Given privacy and network load concerns, employing on-device multimodal neural networks (MNNs) for IoT data is a growing trend. However, the high computational demands of MNNs clash with limited on-device resources. MNNs involve input and model redundancies during inference, wasting resources to process redundant input components and run excess model parameters. Model Redundancy Elimination (MRE) reduces redundant parameters but cannot bypass inference for unnecessary input components. Input Redundancy Elimination (IRE) skips inference for redundant input components but cannot reduce computation for the remaining parts. MRE and IRE independently fail to meet the diverse computational needs of multimodal inference. To address these issues, we aim to combine the advantages of MRE and IRE to achieve a more efficient inference. We propose an adaptive multilevel redundancy elimination framework (AMRE), which supports both IRE and MRE. AMRE first establishes a collaborative inference mechanism for IRE and MRE. We then propose a multifunctional, lightweight policy model that adaptively controls the inference logic for each instance. Moreover, a three-stage training method is proposed to ensure the performance of collaborative inference in AMRE. We validate AMRE in three scenarios, achieving up to 52.91% lower latency, 56.79% lower energy cost, and a slight accuracy gain compared to state-of-the-art baselines.

查看原文本刊更多论文

多模态移动推理的自适应多级冗余消除

考虑到隐私和网络负载问题，使用设备上的多模态神经网络（mnn）处理物联网数据是一个日益增长的趋势。然而，MNNs的高计算需求与有限的设备上资源相冲突。mnn在推理过程中涉及输入和模型冗余，浪费资源处理冗余输入组件和运行多余的模型参数。模型冗余消除（MRE）可以减少冗余参数，但不能绕过对不需要的输入组件的推理。输入冗余消除（IRE）跳过冗余输入组件的推理，但不能减少对其余部分的计算。独立的MRE和IRE不能满足多模态推理的多样化计算需求。为了解决这些问题，我们的目标是结合MRE和IRE的优势来实现更有效的推理。提出了一种支持IRE和MRE的自适应多级冗余消除框架（AMRE）。AMRE首先建立了IRE和MRE的协同推理机制。然后，我们提出了一个多功能、轻量级的策略模型，该模型可以自适应地控制每个实例的推理逻辑。此外，为了保证AMRE协同推理的性能，提出了一种三阶段训练方法。我们在三种场景中验证了AMRE，与最先进的基线相比，延迟降低了52.91%，能源成本降低了56.79%，并且精度略有提高。

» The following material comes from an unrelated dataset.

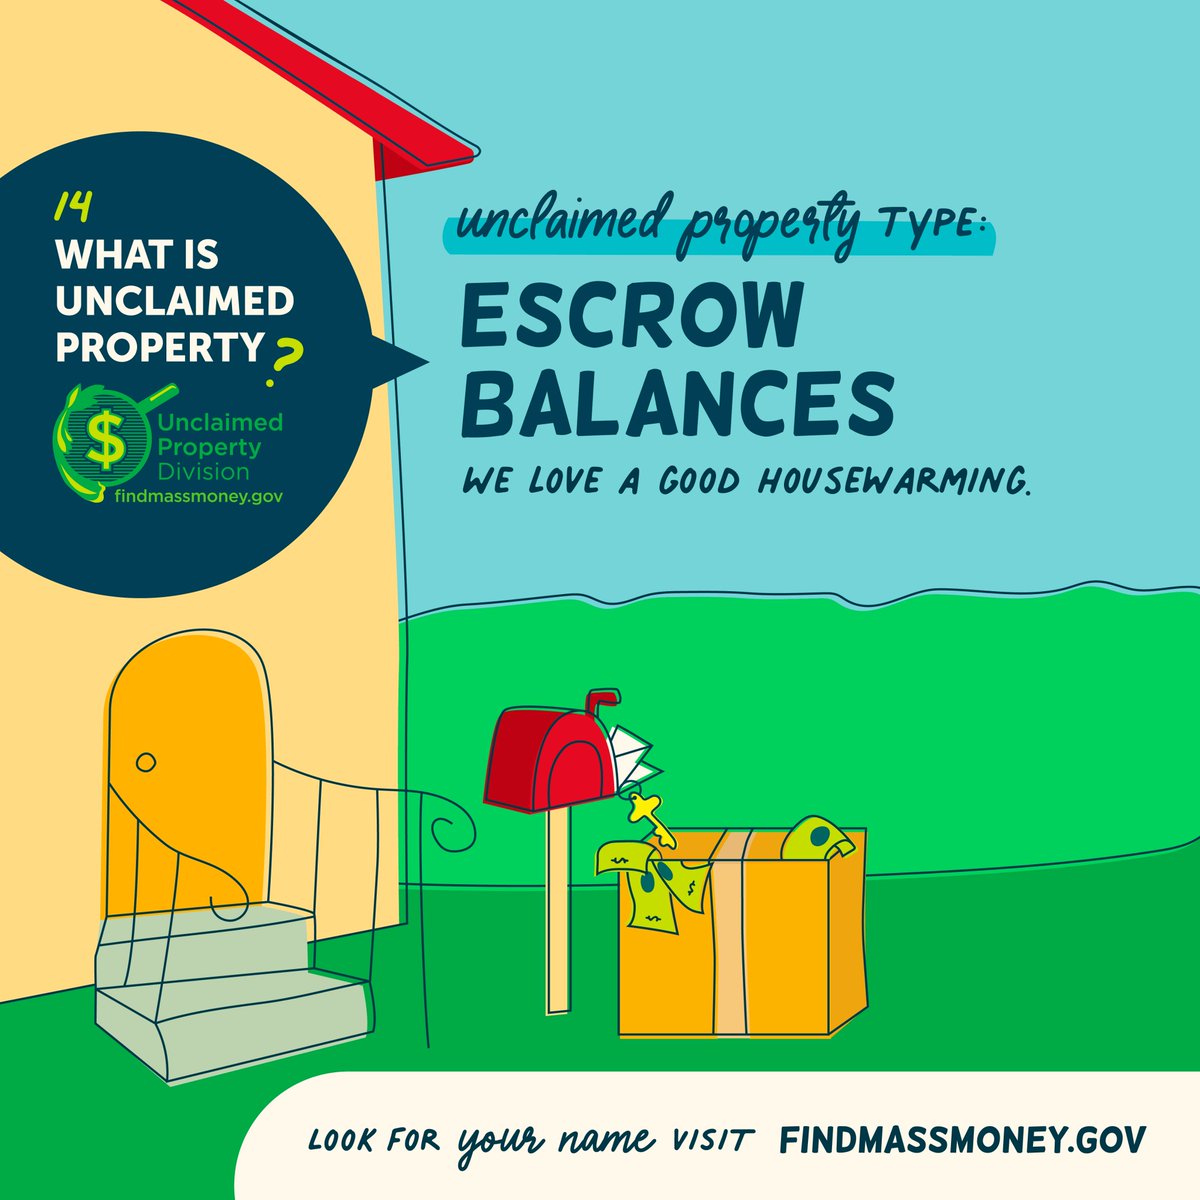 In buying a new property, there's a flurry of paperwork and transactions. Often escrow balances get lost in the shuffle and end up with us for safe keeping. Maybe you have an escrow overage waiting for you -- find out at findmassmoney.gov.

本文章由计算机程序翻译，如有差异，请以英文原文为准。

求助全文

约1分钟内获得全文求助全文

来源期刊

IEEE Transactions on Mobile Computing 工程技术-电信学

CiteScore

12.90

自引率

2.50%

发文量

403

审稿时长

6.6 months

期刊介绍： IEEE Transactions on Mobile Computing addresses key technical issues related to various aspects of mobile computing. This includes (a) architectures, (b) support services, (c) algorithm/protocol design and analysis, (d) mobile environments, (e) mobile communication systems, (f) applications, and (g) emerging technologies. Topics of interest span a wide range, covering aspects like mobile networks and hosts, mobility management, multimedia, operating system support, power management, online and mobile environments, security, scalability, reliability, and emerging technologies such as wearable computers, body area networks, and wireless sensor networks. The journal serves as a comprehensive platform for advancements in mobile computing research.